Кстати, на регату ты опоздал. Все уже свершилось, ты перепутал числа. И эта яхта уже прошла свое и пришла четвертой.
– Давайте быстро, – пробормотал сенатор, – завтракать будем.
В каюткомпании был круглый стол с красной клетчатой скатертью и синими салфетками, китайский фонарик над ним и неожиданнная фотография смеющегося молодого Селинджера, шагающего с тележкой по супермаркету.
– Ребенку, – сказал он, – творог, молоко, клубнику, – и в названной последовательности достал все это из холодильника. – Нам – коньяк, маслины, копченую свинину.

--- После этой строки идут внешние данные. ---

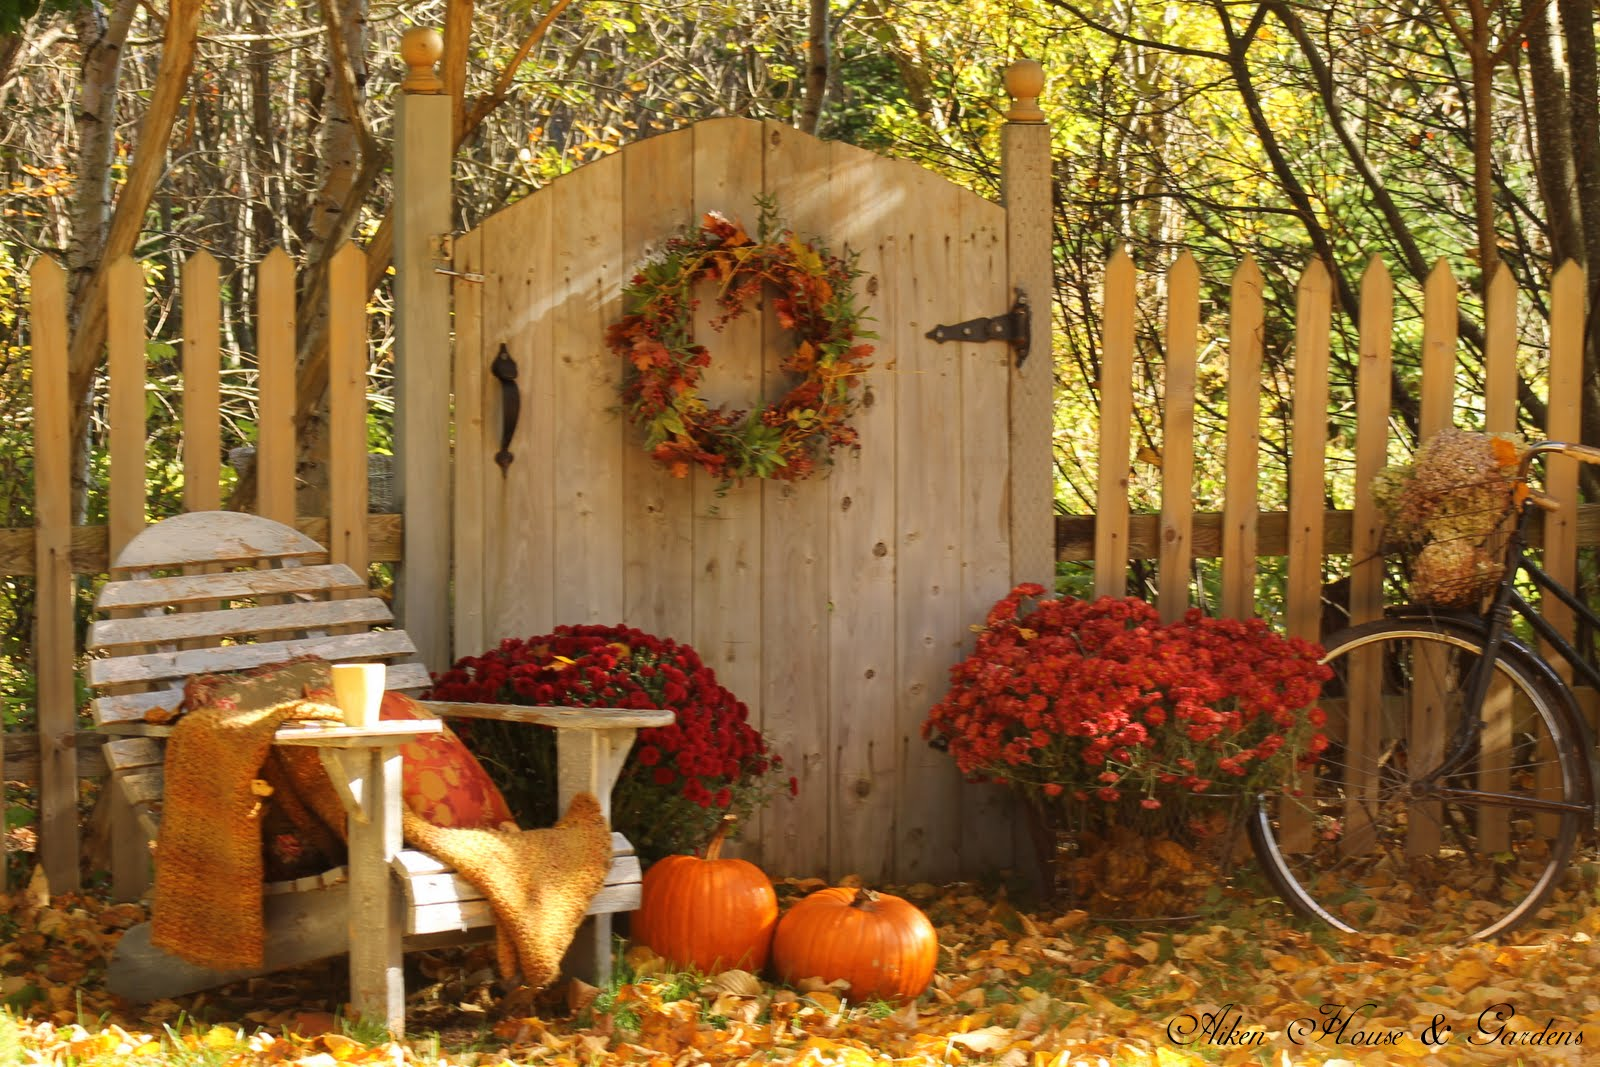 Aiken house gardens sunny autumn respite for Aiken house

Ты положил ногу на ногу, скрестил руки на груди и улыбнулся. Была явная валентность. Было чудное утро на взморье, загорелый человек с умным лицом, мальчик, уплетающий клубнику, и ты сам, задумчиво рассматривающий свои руки с мотком деревянных четок на запястье.
Надо ли уточнять, что вы оказались из одного города?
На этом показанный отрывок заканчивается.